На пороге он замер и, прекрасно отдавая себе отчет, что слова его причинят Шерлоку боль, все равно холодно произнес:
— Знаешь что, Шерлок? Я ошибся. — Уставившись в пол, он сунул руки в карманы. — Нет в тебе ничего поразительного. Больше нет.
Бегом спустившись вниз, он захлопнул парадную дверь за собой с такой силой, что звякнул дверной молоток и протестующе лязгнул почтовый ящик. Но Джон даже не остановился. Бездумно и быстро он зашагал вперед, стремясь как можно скорее оказаться подальше отсюда.
Внутри все еще бурлила ярость, сердце словно сковало льдом, а в голове воцарилась гулкая пустота. Джон продолжал идти, не отрывая взгляда от мостовой; торопливо пересек проезжую часть и углубился в сереющий в вечерних сумерках Риджентс-парк. Кусочек совсем иного Лондона, отличный от города Шерлока, представлявшего собой набор зданий и строений. Это было единственное место, где Джон мог спокойно все обдумать, и сейчас он нуждался в этом как никогда.

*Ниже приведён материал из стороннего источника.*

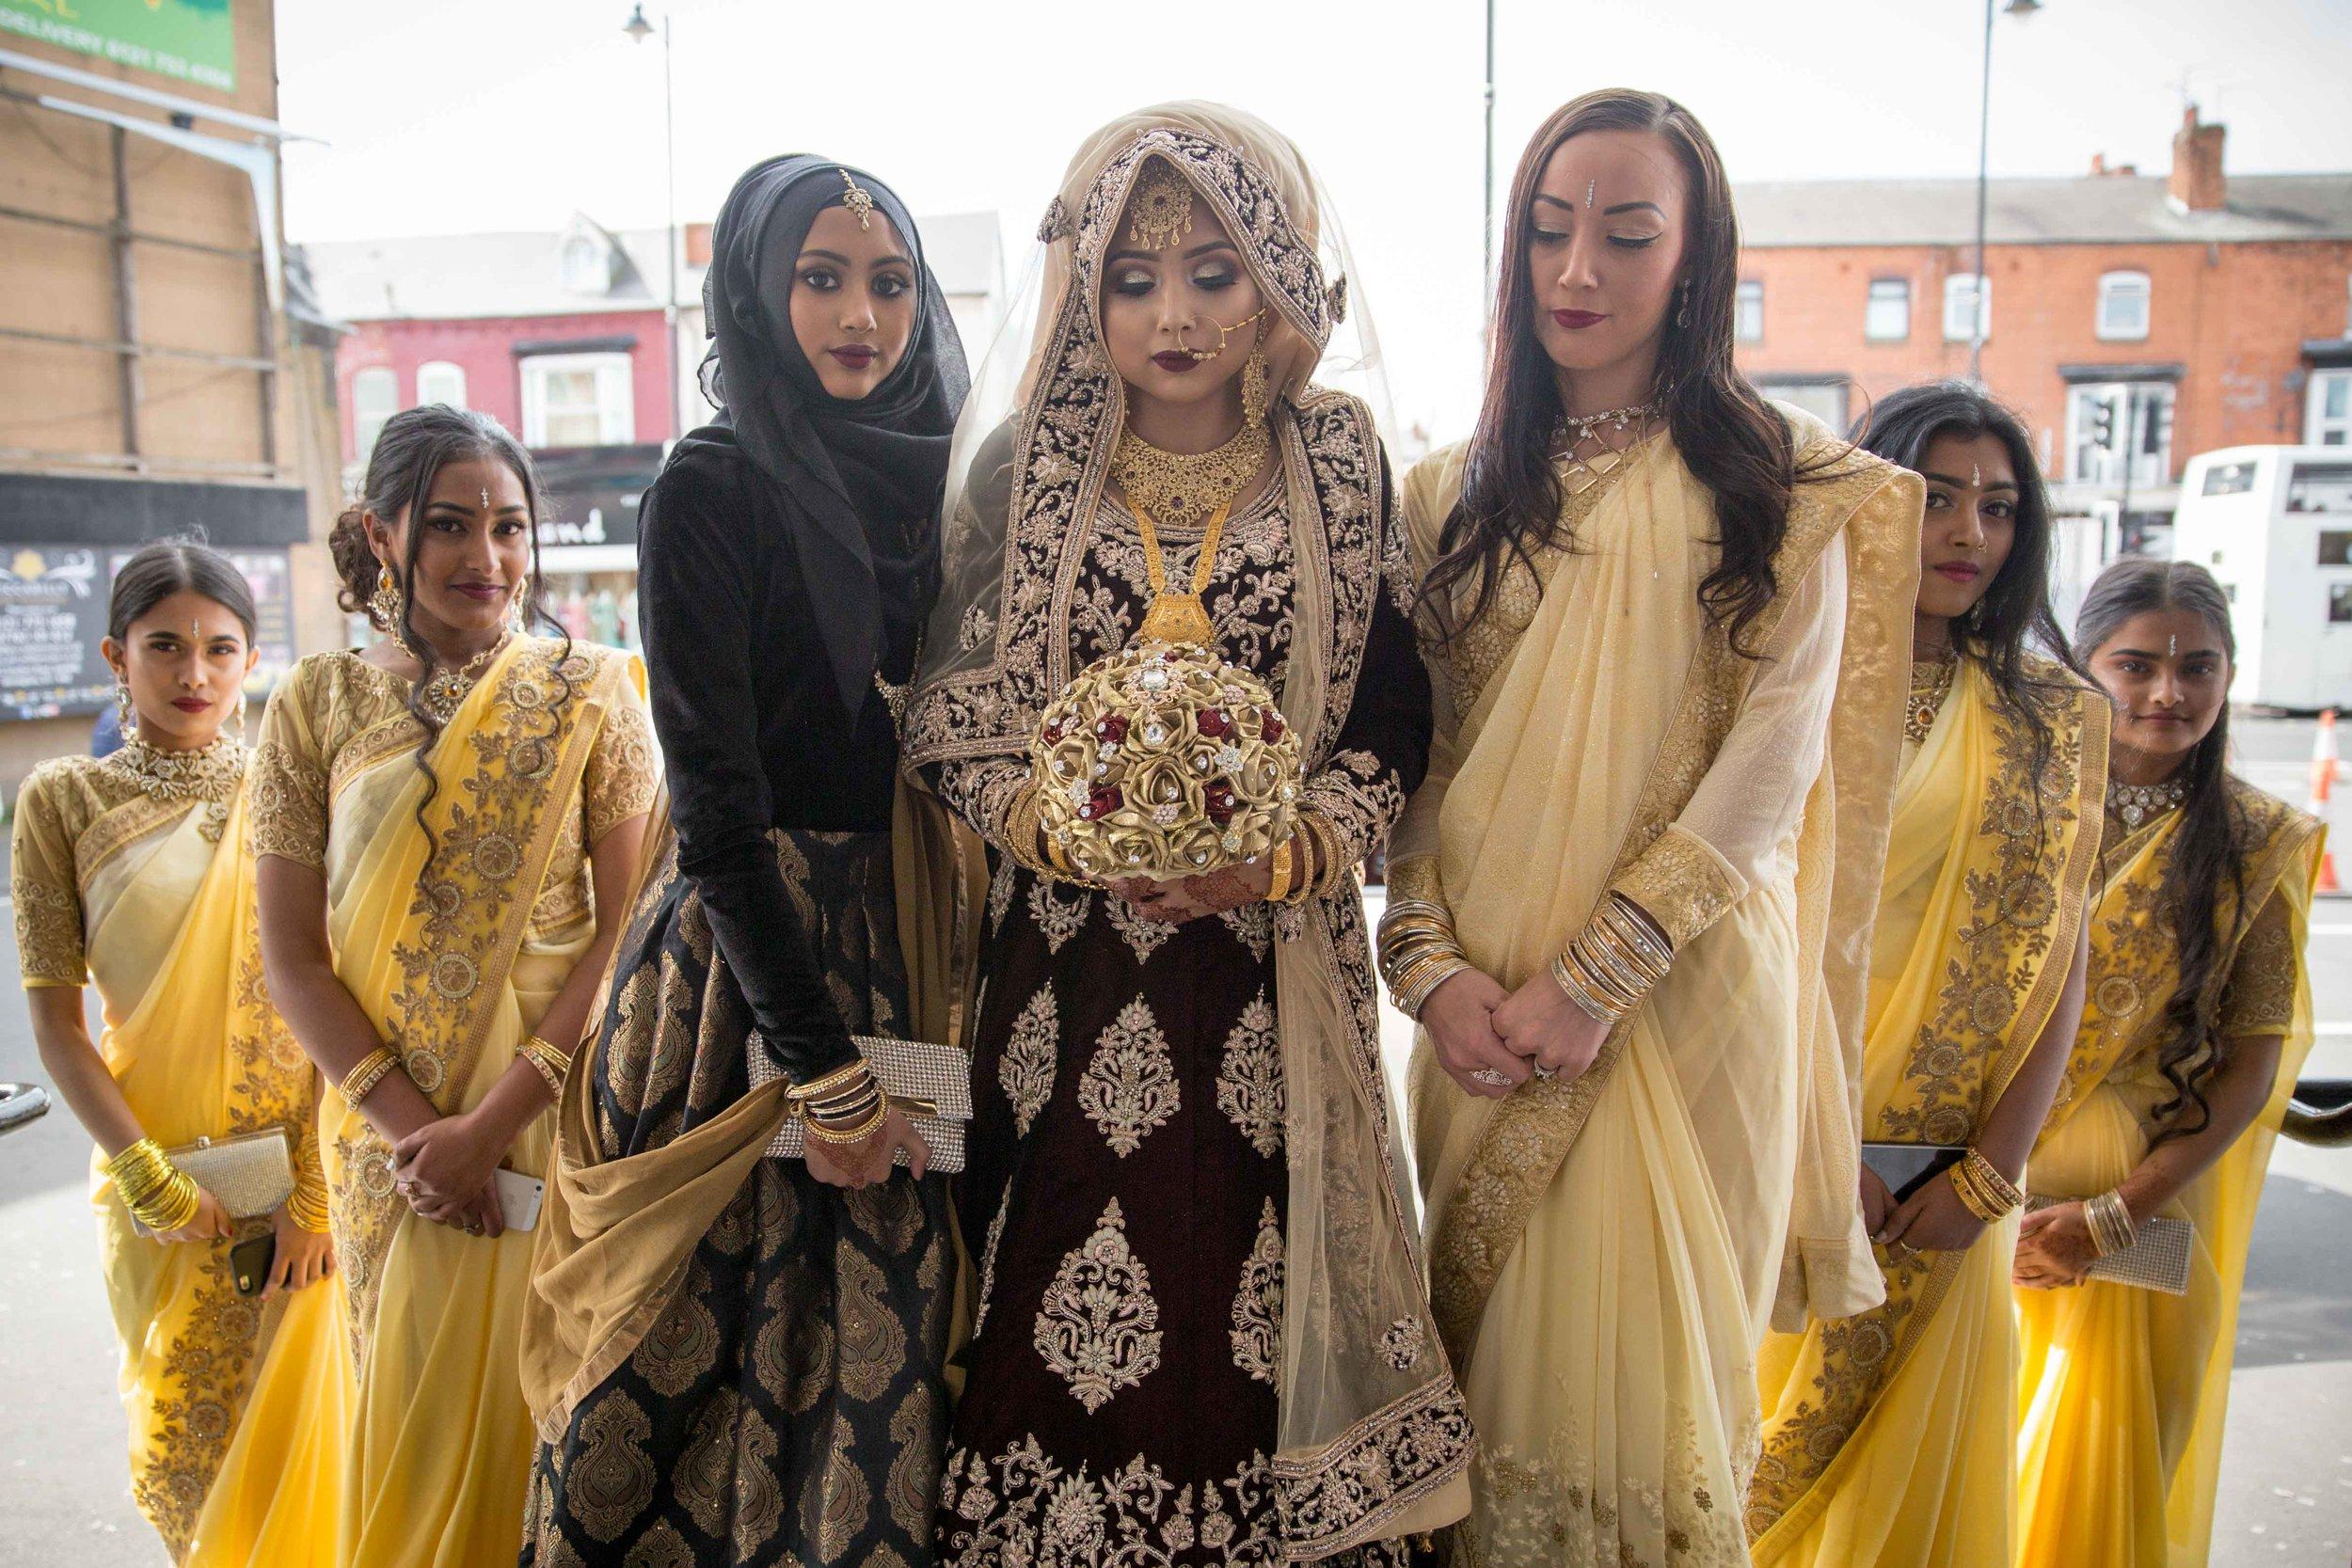 Female-Asian-Piccadilly-banqueting-suite-Wedding-Photographer-Birmingham-natalia-smith-photography-3.jpg

А чего он ожидал? Что Шерлок отступит? Пообещает исправиться? Стать лучше? Извинится? Он и сам не знал, но уж точно не того, что случилось. Что его вышвырнут, как ненужную более вещь. И пренебрежение Шерлока по отношению к окружающим ощущалось куда болезненнее, когда оно оказалось направлено на него самого. Окончательное доказательство, что Холмсу действительно плевать на всех, включая самого Джона?

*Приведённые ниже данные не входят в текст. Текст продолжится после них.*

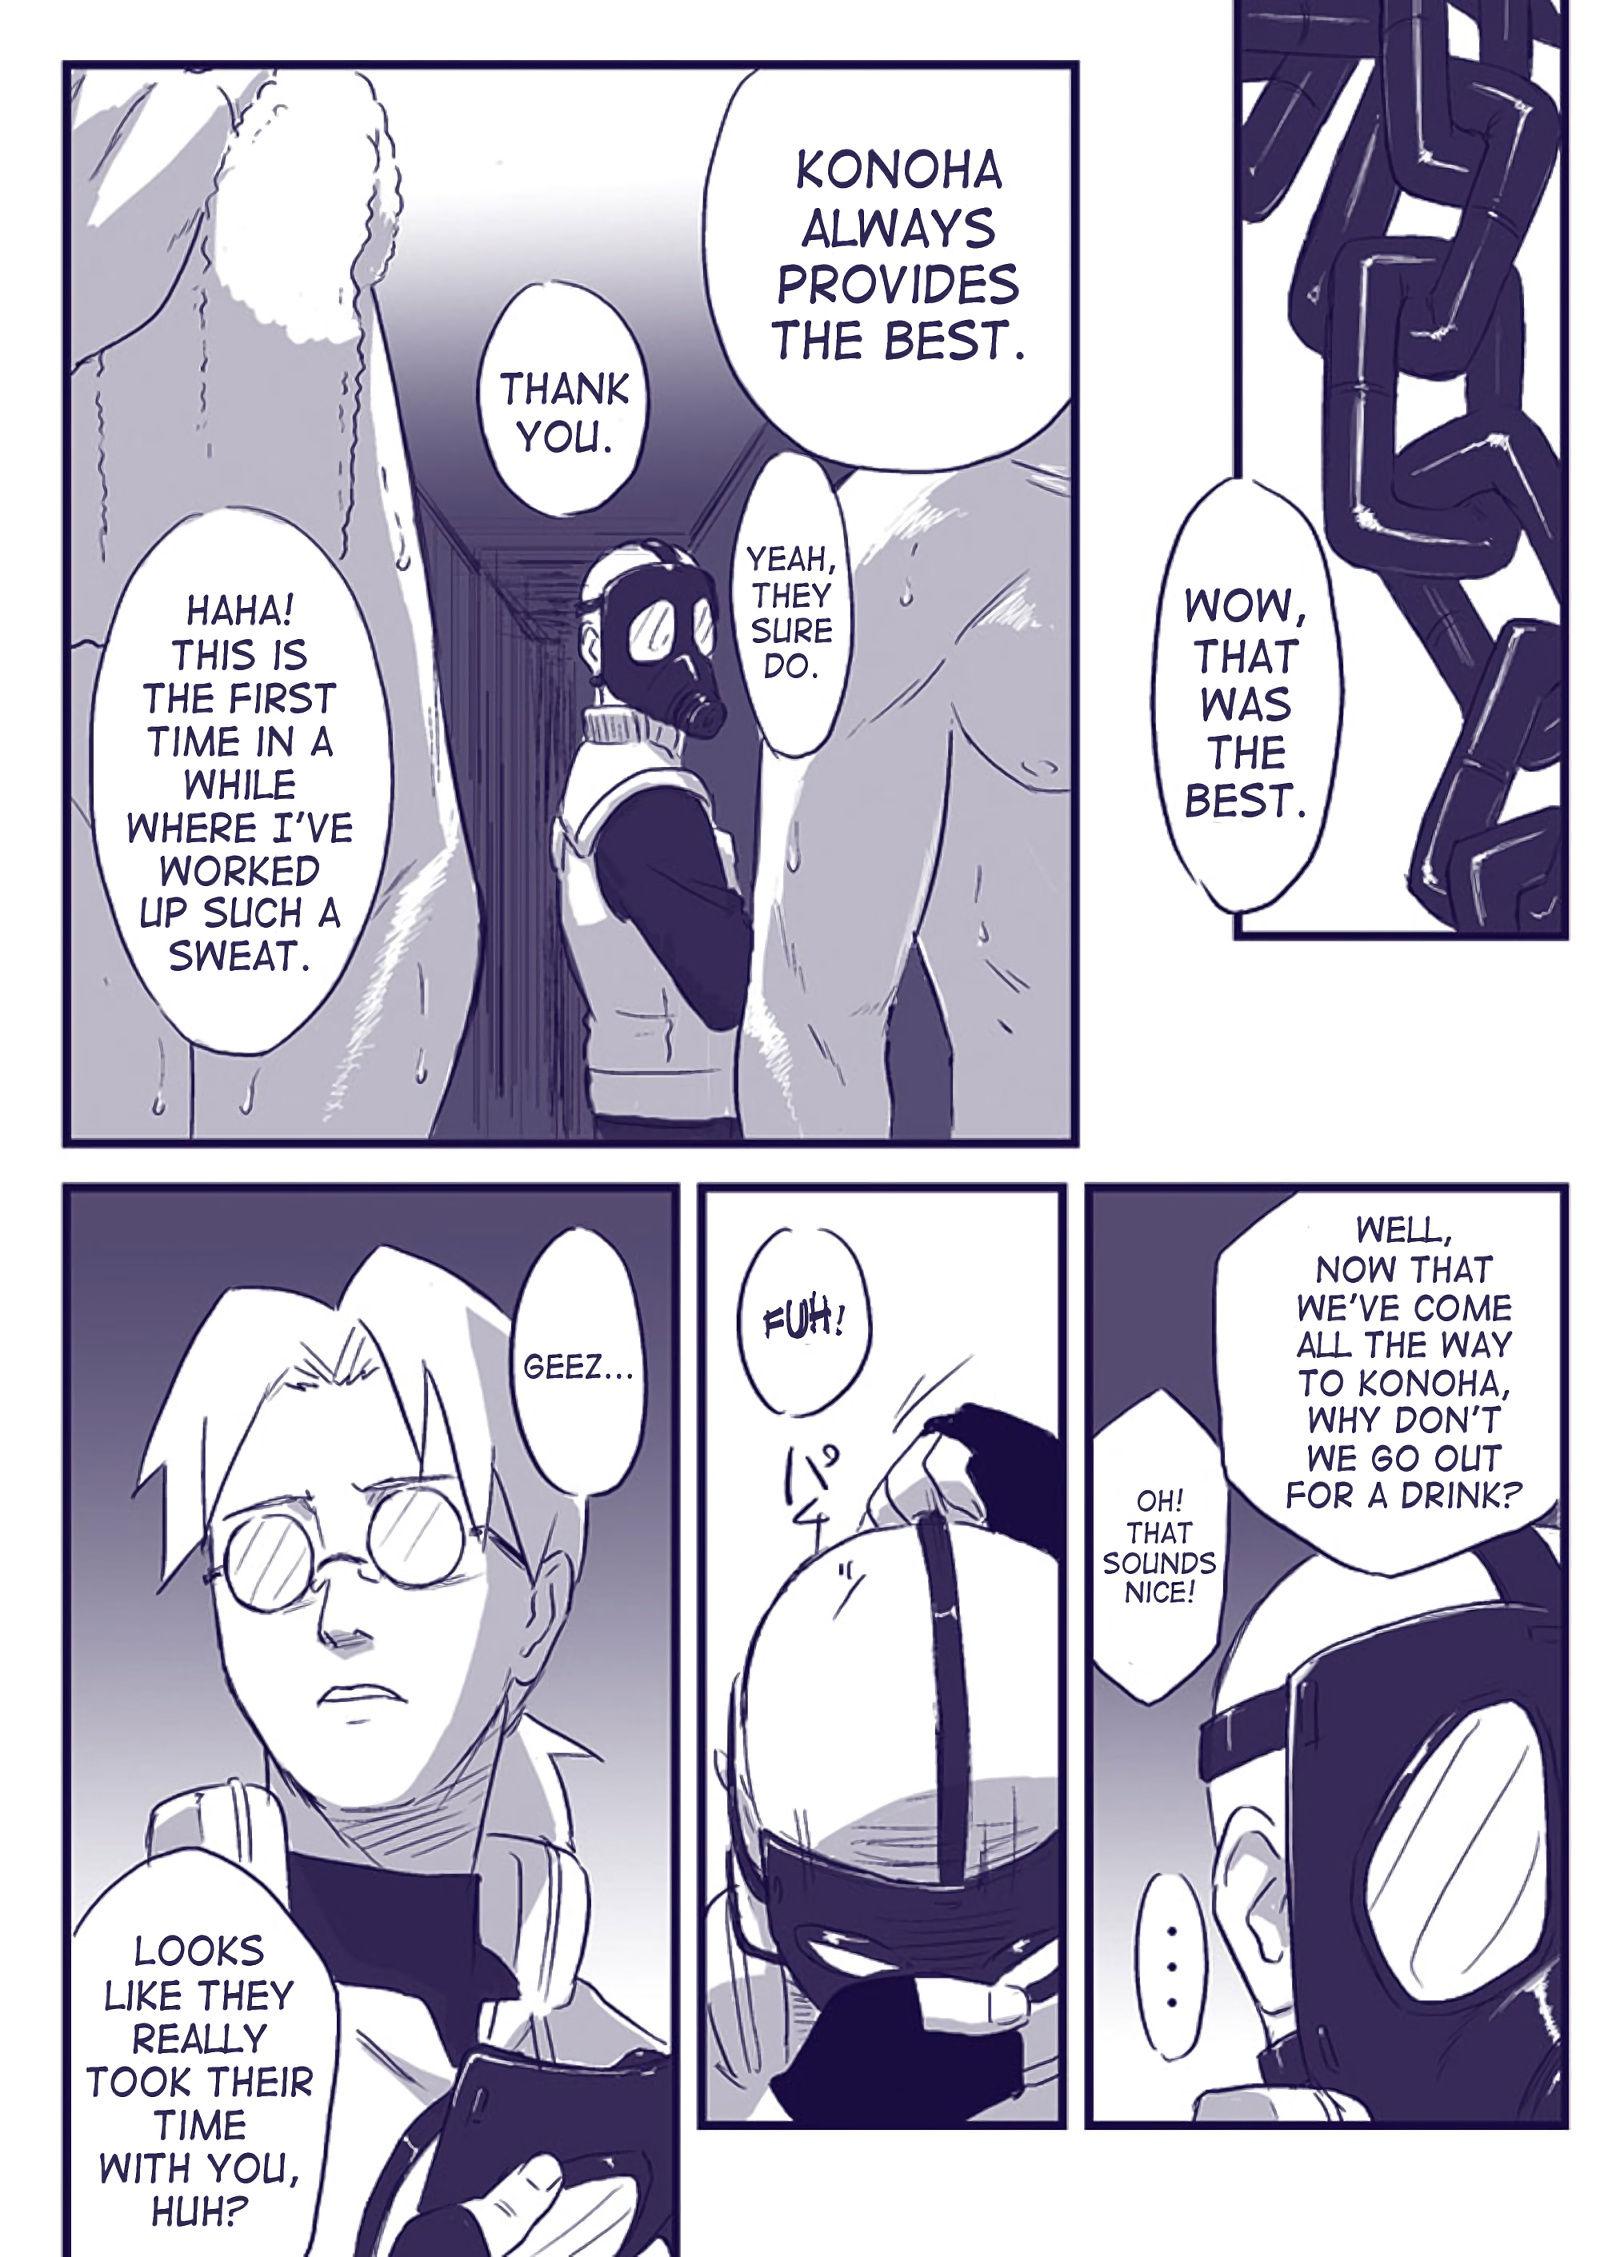 Ninja dependence vol. 2 hentai manga picture 29

Выругавшись под нос, он обессилено опустился на скамейку и уронил голову в ладони, старательно убеждая себя, что бившая его дрожь вызвана холодом и никак не связана с ходящими по кругу мыслями. Сколько раз он просил о чуде все то время, пока Шерлок был «мертв»? Верил, что будет счастлив — счастлив до невозможности — если только друг окажется жив, и вот сидит здесь, а на душе мерзостно как никогда.
Когда-то они совпали идеально, словно две шестерни в сложном механизме Работы. А теперь тот разладился, и они скрежещут друг о друга, не в состоянии найти прежний ритм, испытывая неудобство и раздражение, погрязнув в воспоминаниях и всех тех словах, что так и не успели сказать. По крайней мере, Джон чувствовал именно это. Что касается Шерлока… Бог знает, что он думает о сложившейся ситуации, если вообще отдает себе в ней отчет.

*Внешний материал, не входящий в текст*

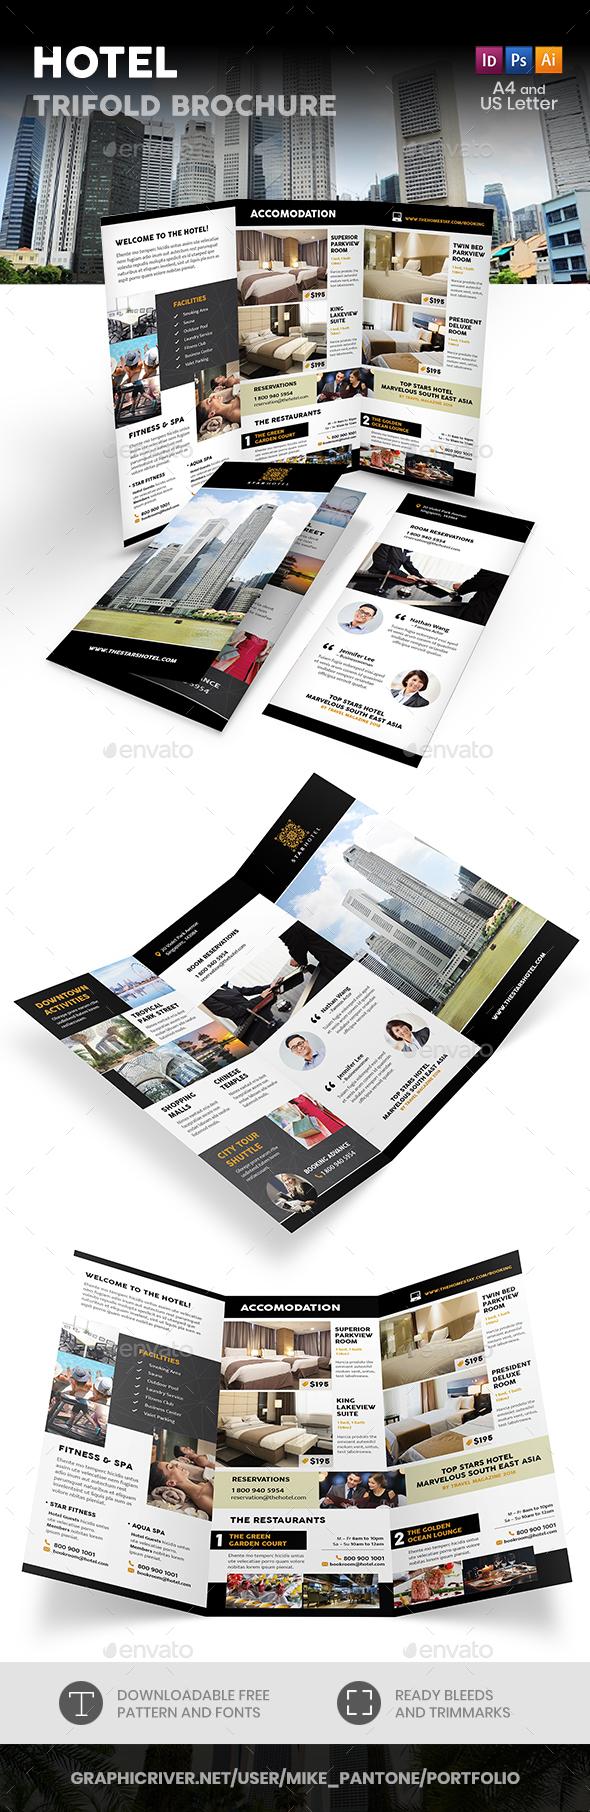 Hotel Trifold Brochure 8 - Informational Brochures

Джон моргнул и нахмурился, осознав, что все это время крепко стискивал телефон, в глубине души ожидая смс с требованием встретиться в Ярде или вернуться домой и по пути захватить молока к чаю. Робкое предвкушение тихо тлело внутри, под гнетом мрачных раздумий, заставляя вскидывать голову всякий раз, когда кто-то проходил мимо, в надежде увидеть знакомый силуэт в развевающемся пальто и услышать сбивчивые извинения, которые все равно не помогут, но почему-то обязательно вернут все на свои места.
Но Шерлок не появлялся, и Джон был сам себе противен, что смел надеяться на противоположное, однако продолжал сидеть, позволяя пронзительному, пробирающему до костей ветру хлестать его по лицу, словно оправдание жжению в глазах и наворачивающимся слезам. Он понимал, что цепляться за собственную злость, быстро таявшую под напором контраргументов, бессмысленная затея. В конце концов, далеко не впервые Шерлок обращался с пострадавшими подобным образом. Даже незадолго до «падения», в самой человечной своей ипостаси, детектив вел себя точно так же. Безразличный и отстраненный со всеми, кроме тех немногих, кого действительно ценил. Тех, ради защиты кого от этого мерзавца Мориарти, он пошел до конца.
Нет, холодность Шерлока его не задевала. По крайней мере, не по тем причинам, по которым должна бы. Джон не желал, чтобы друг изменился, ему хотелось, чтобы другие когда-нибудь разглядели то же, что и он. Отзывчивость и неравнодушие за блестящим разумом — то, что Шерлок так мастерски скрывал. То, что Джон замечал все чаще, все ярче до его исчезновения и оказался совершенно заворожен этим зрелищем. Из-за чего чувствовал себя особенным, избранным, кому дозволено видеть недоступную остальным сторону Шерлока.